I am looking to convert a string like "ASDF" into one number like "123456789" that can easily be turned back into "ASDF", how would I go about doing this in python 3?

PyPylia
  • 387
  • 3
  • 14

4 Answers4

3

You can convert each character into its ascii value using ord and format them to be the same length using f"{1:02d}" and concatenate them together. Then when you want the string back reverse this process.

Something like

def to_num(s):
    return int("1" + "".join(map(lambda a: f"{ord(a):03d}", s)))

def to_str(n):
    num = str(n)[1:]
    chunks = [num[i:i+3] for i in range(0, len(num), 3)]
    return "".join(map(lambda a: chr(int(a)), chunks))
RedKnite
  • 1,525
  • 13
  • 26
  • 1
    Just tested out your code, it doesn't seem to work? https://imgur.com/a/ix7BOIy I am using python 3.7.5 (Also ignore the background, I have my cmd semi-transparent). – PyPylia May 17 '20 at 08:30
  • 1
    @LiamBogur Thank you! I was formatting it to always have 2 digits not 3. It should work now. – RedKnite May 17 '20 at 08:44
3

How about that:

int.from_bytes("ASDF".encode('utf-8'), byteorder='big', signed=False)
1095976006

and back

import math
(1095976006).to_bytes(math.ceil((1095976006).bit_length() / 8), byteorder = 'big', signed=False).decode('utf-8')
'ASDF'

It uses encode/decode to get utf-8 representation of Python string as byte array and then from_bytes/to_bytes to convert it to integer. SO it works with any string. Surprisingly, it is necessary to calculate number of bytes in order to use to_bytes.
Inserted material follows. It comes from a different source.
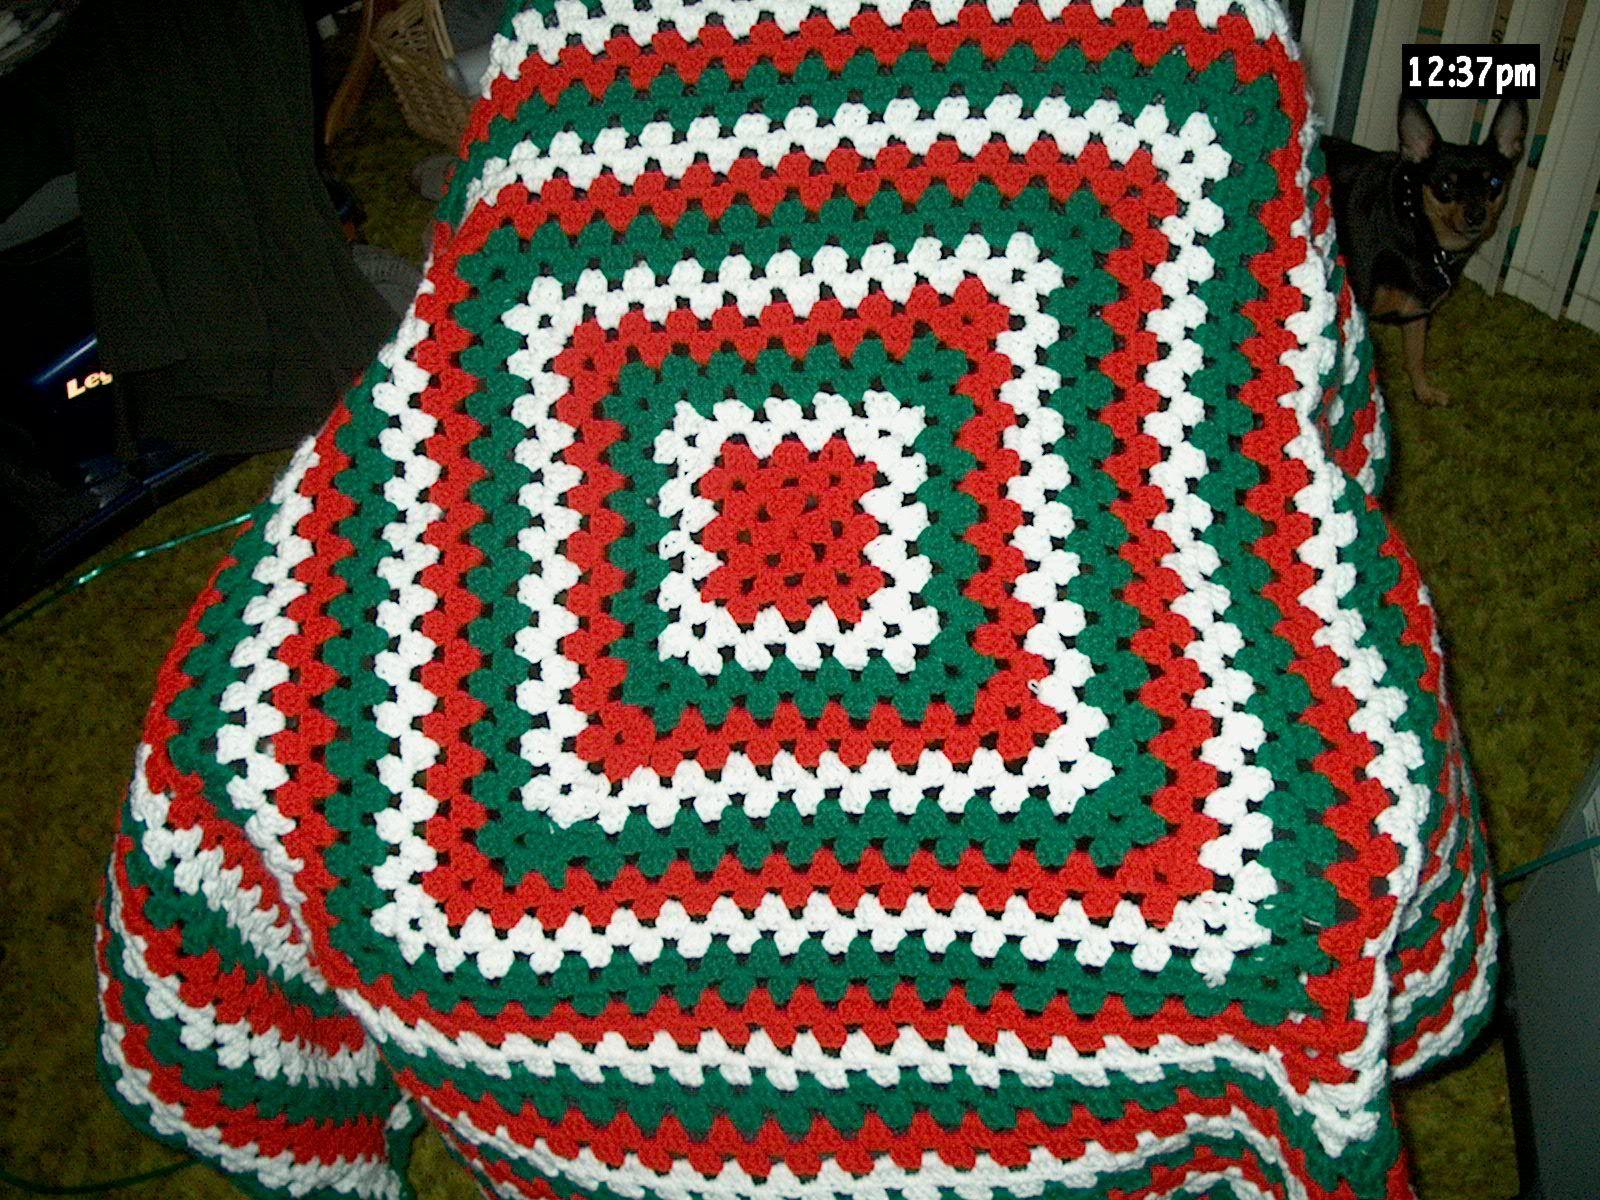 Crochet Afghan Patterns Christmas : I crocheted a Christmas Afghan! christmas crochet ...

  • I forgot that existed, great answer, and funnily enough, it gives the exact same result as my answer. – PyPylia May 17 '20 at 10:25
  • @LiamBogur Not surprising, this is the exact same logic (as long as we stay within ASCII land). I still wonder, what's the point of the exercise. It's not any kind of conversion: it's just - ok, take string's content as is in memory, that's your number. And thanks for the accept, now I can finally write nasty comments to other people's answers. Ok, not necessarily nasty. – Yaroslav Fyodorov May 17 '20 at 10:32
  • As to why I asked this, I was implementing RC4 myself as a challenge and I wondered how to convert strings to ints (even though what I was using already did it for me), so I tried to figure it out myself for a while and couldn't so I asked this question, then later figured it out and made my answer. – PyPylia May 17 '20 at 10:35
  • I was right! The best way is to let Python do the work! But, I never think of the encoding/decoding stuff. Good job! – RedKnite May 19 '20 at 00:36
  • @RedKnite here encode doesn't even do anything (I think) it's just the way to get to the underlying utf-8 representation of the string. Or maybe it does create new bytes object, who knows – Yaroslav Fyodorov May 19 '20 at 07:05
0

Just figured out a possible way, since I am only using ASCII this should work:

inp = "ASDF" #Input string
bits = 8     #Amount of bits per character

num = 0      #Just some setup value, this will be our encoded number
numstr = [ord(letter) for letter in inp] #Turns the string into a list containing each of the letters ascii code
for numletter in numstr: #Loop over each letter
    num = (num<<bits)+numletter #First shift the current num stored by 8 [In binary 01010101 becomes 0101010100000000] which makes room for the next character, then adds the new character in

print("Encoded:",num) #Print the encoded number

#num = 1234, not included as we've defined it before with the encoding part
#bits = 8, same reason as above
outp = "" #Another setup value, this will be our decoded string
AND = ((2**bits)-1) #A setup constant, we'll need this later, this is a number of just 1's in binary with the length of 8.
while num>=1: #Loop over each character
     numletter = num&AND #Bitwise AND it with the constant we got earlier, this'll extract the first character in the number
     outp = chr(numletter) + outp #First convert the extracted number to it's character, then add the character to the front of the output
     num = num>>bits #Remove the extracted number and shift it back by 8

print(outp) #Print the decoded string
PyPylia
  • 387
  • 3
  • 14
  • What do you guys think of my code? It might not work for UTF-8 but it should still work for things like Unicode as long as you change the bits to the number of bits required, but I don't exactly know how computers deal with Unicode so this might be wrong. – PyPylia May 17 '20 at 08:24
-1

Kinda problematic by definition. Depending on the length of the string you can easily run out of ints. Unless you mean number in string representation, then it's theoretically possible, but practically you will need arithmetic that works on those int as string numbers. Basically, if you are restricted to ascii, use base 26 representation:

"F"*26^0 + "D"*26^1 + "S" * 26^ 2 and so on

Or you can just concatenate the character codes, it's also an option, although it seems rather pointless - you don't really covert string to number, you just print its representation in another way.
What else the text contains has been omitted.